Dalla domenica pomeriggio al lunedì sera: è una fine d'anno movimentata per il Toro che passa dal lunch time al posticipo del lunedì per poi doversi preparare all'ultima gara del 2010, in casa contro l'Empoli, al sabato pomeriggio. Impegni ravvicinati che richiederebbero l'uso del turn-over: ma la rosa è ristretta. E per alcuni c'è sempre e solo la panchina.

Alessandro Pellicori ha finora trovato poco spazio nel Toro
(foto: www.zimbio.com)

È stata un’altra settimana speciale quella che il Toro si appresta a concludere con la trasferta di Trieste, che in realtà si collocherà già in apertura di quella che segnerà l’ultimo impegno agonistico dell’anno solare, contro l’Empoli. Dopo la partita all’ora di pranzo, che per qualche giorno ha cambiato abitudini alimentarie e di allenamento, ecco il posticipo del lunedì, per la terza volta in stagione, prima fuori casa. Circostanze, quelle delle partite fuori dalla canonica collocazione del sabato pomeriggio, che fanno ammattire gli allenatori, chiamati a variare ormai settimanalmente le tabelle di allenamento: dalle sedute di scarico, al lavoro atletico (da fare il più possibile lontano dalle gare) fino alla semplice partitella infrasettimanale. Così, dopo aver concesso un giorno in più di riposo alla squadra, riprendendo il lavoro solo martedì, Lerda dovrà invece chiamare i suoi agli straordinari in vista del ritorno alla normalità previsto per il sabato successivo: stranezze del calcio moderno. Niente di irreparabile, certo, considerando poi che quest’anno la pausa natalizia della serie B sarà davvero lunga (di fatto venti giorni, il campionato tornerà solo l’8 gennaio proprio con l’impegno del Toro a Padova) ma sicuramente un fastidio in più, all’interno di un campionato che non permette mai di abbassare la guardia neppure contro formazioni apparentemente in crisi ed oggettivamente inferiori dal punto di vista tecnico come la Triestina.

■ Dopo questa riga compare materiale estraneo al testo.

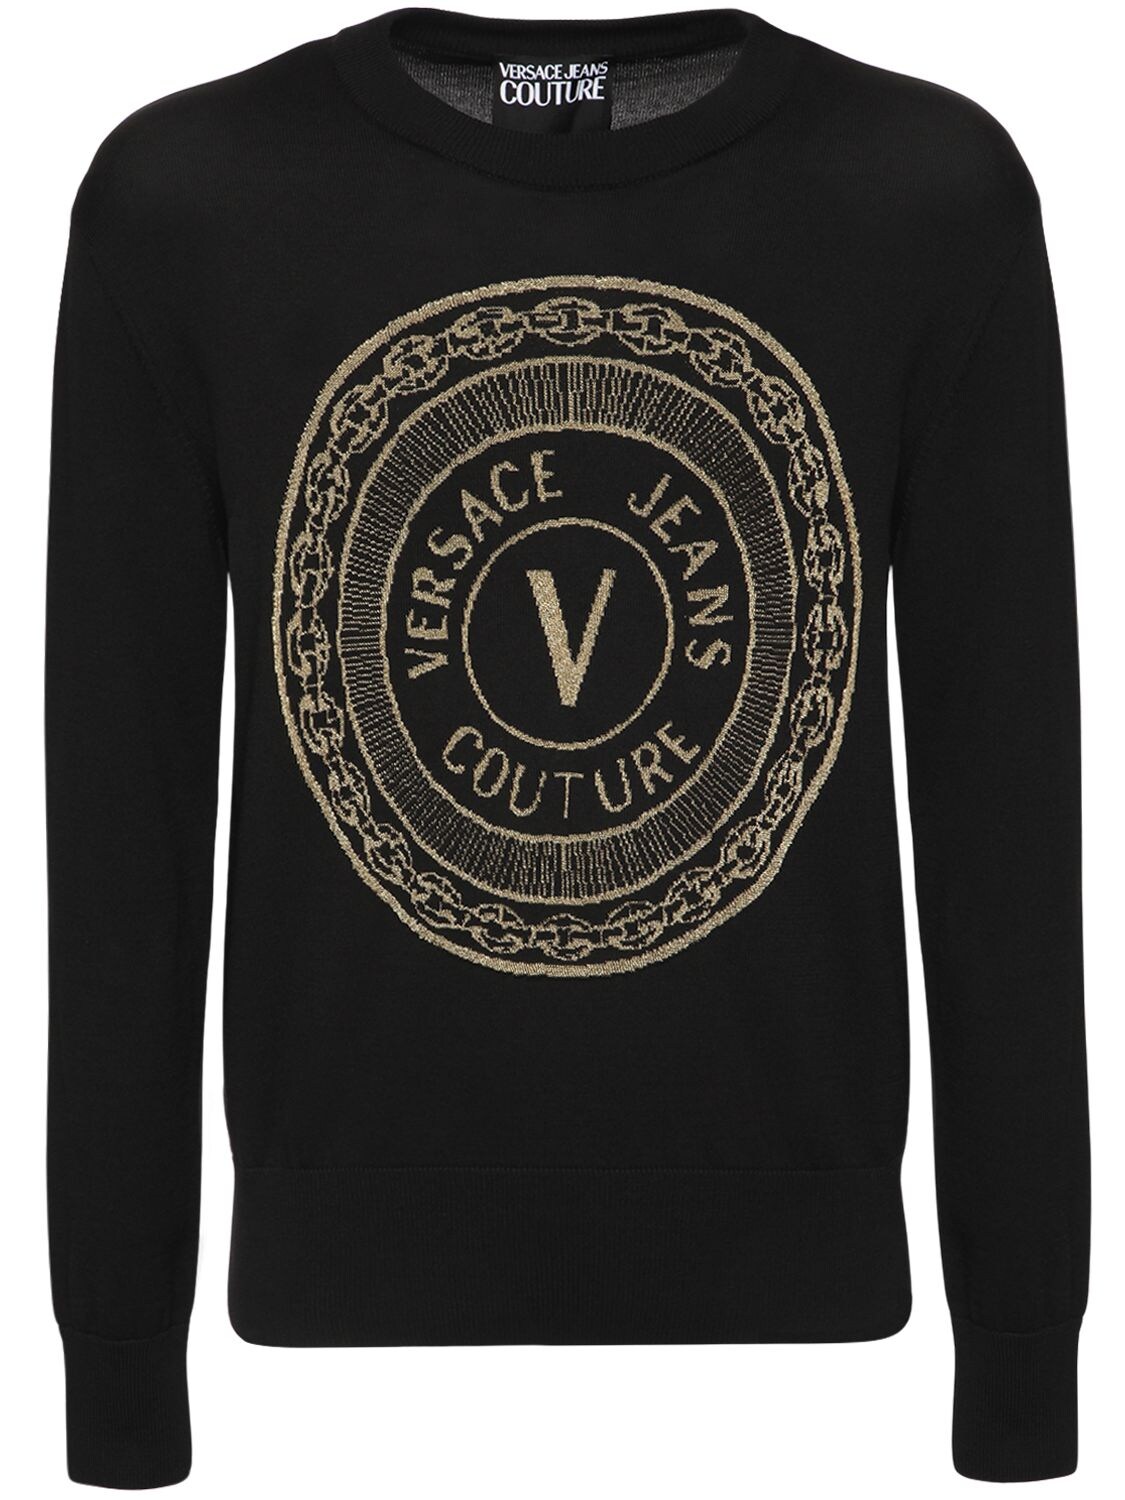 VERSACE JEANS COUTURE LOGO LUREX INTARSIA COTTON jumper,72IBQN030-SZQY0

Gli allenamenti dei granata proseguono senza particolari intoppi, anzi con la lieta novella derivante dai controlli strumentali cui è stato sottoposto il ginocchio destro di Agostino Garofalo, uscito malconcio dal movimento innaturale del suo ginocchio destro sul finire del primo tempo della gara col Siena: come intuito già da un paio di giorni, ed al contrario delle prime funeste impressioni, l’articolazione ha subito solo una modesta distorsione, senza neppure un parzale interessamento del legamento collaterale, pertanto il terzino potrebbe anche tornare disponibile per l’Empoli, a patto che la frattura al setto nasale ridotta chirurgicamente gli consenta di giocare senza problemi seppur protetto da una mascherina in titanio. Saranno allora due le sicure novità di formazione cui si assisterà al “Rocco”: la presenza, obbligata alla luce della mediocrità mostrata fin qui da Zavagno, di Ogbonna come terzino sinistro, ruolo in cui Angelo potrà fare sfoggio delle sue ottime qualità tecniche e “crossatorie”, e quella di Zanetti chiamato a sostituire De Vezze ma cui non potranno essere richieste le geometrie che l’ex barese aveva ultimamente iniziato a disegnare in maniera eccellente.

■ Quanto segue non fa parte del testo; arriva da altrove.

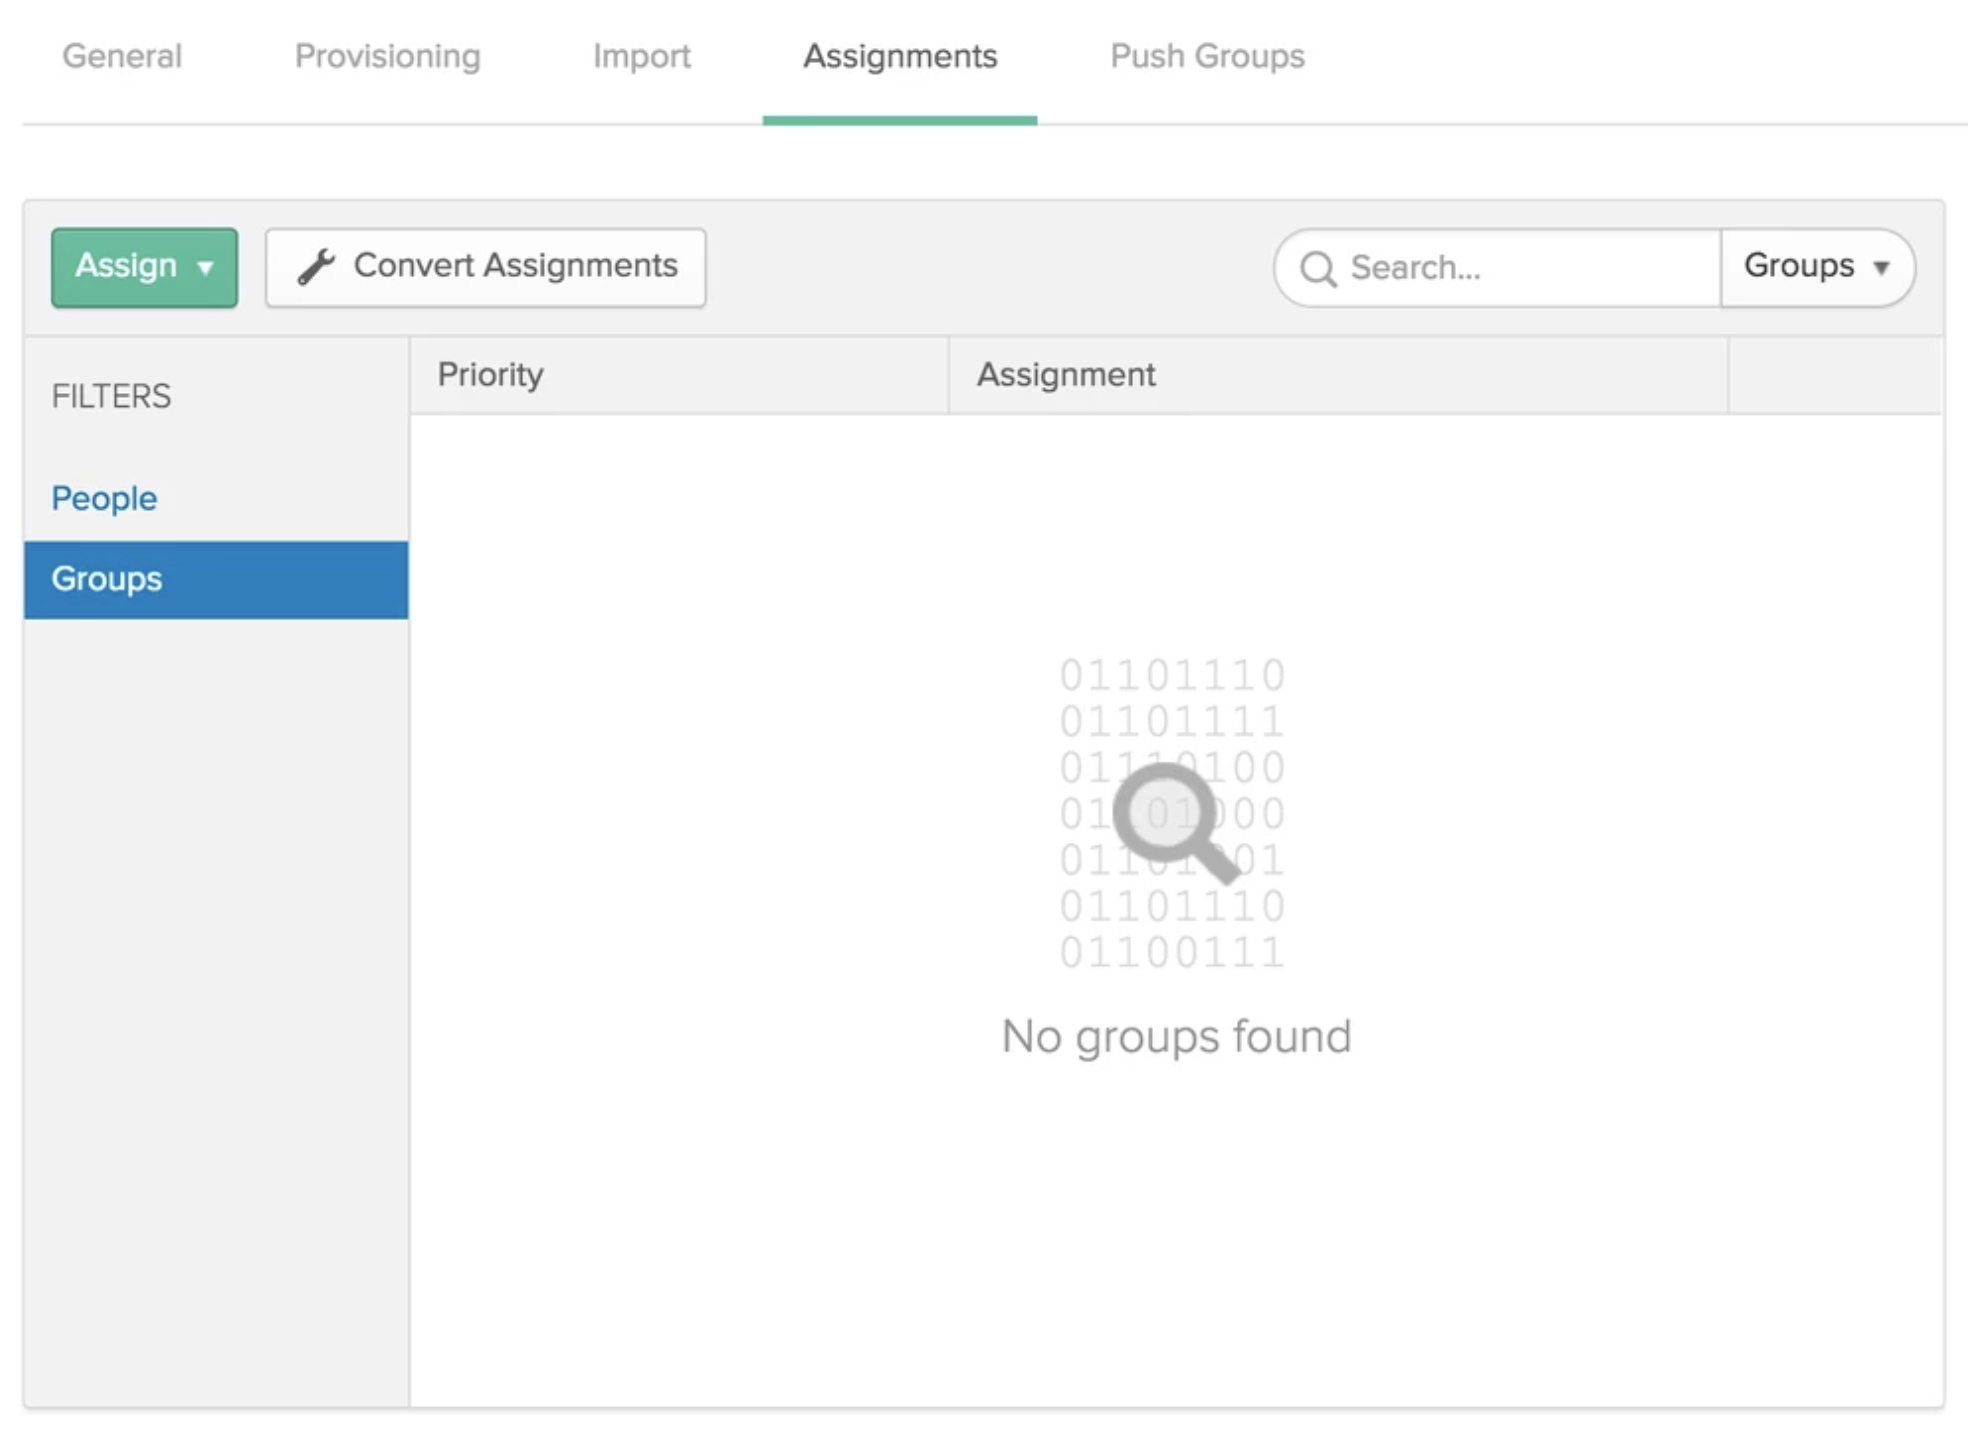 Assignment tab, Assign set to Groups. Empty list of groups, with priority and assignment columns.

Solo panchina invece per Sergio Suciu, cui pure sembrerebbe non mancare nulla per contrastare Belingheri come trequartista “tattico” alle spalle della prima punta: ma è difficile che Lerda lanci subito nella mischia il rumeno, in una partita possibilmente da vincere, mentre non va escluso un suo inserimento a gara in corso. Il ragazzo, tornato ad incantare nella Primavera dopo un lungo infortunio, ha finora all’attivo una sola presenza in prima squadra, a Roma nell’infausto giorno della retrocessione. Sembra destinato a mordere ancora mordere il freno pure Alessandro Pellicori, che proprio non convince Lerda come riferimento centrale, preferendo inserirlo per le sponde aeree a gara in corso. Chissà se, avanti di questo passo, l’attaccante arrivato in extremis per sostituire Bernacci non chieda di cambiare aria a gennaio. Discorso a parte per Gasbarroni, mai preso in considerazione dal tecnico come autentico titolare: improbabile una sua presenza dal primo minuto alle spalle del centravanti, possibile invece un inserimento a sorpresa magari al posto di Iunco. Uno sul cui futuro in granata stanno iniziando a gravare inquietanti nuvoloni.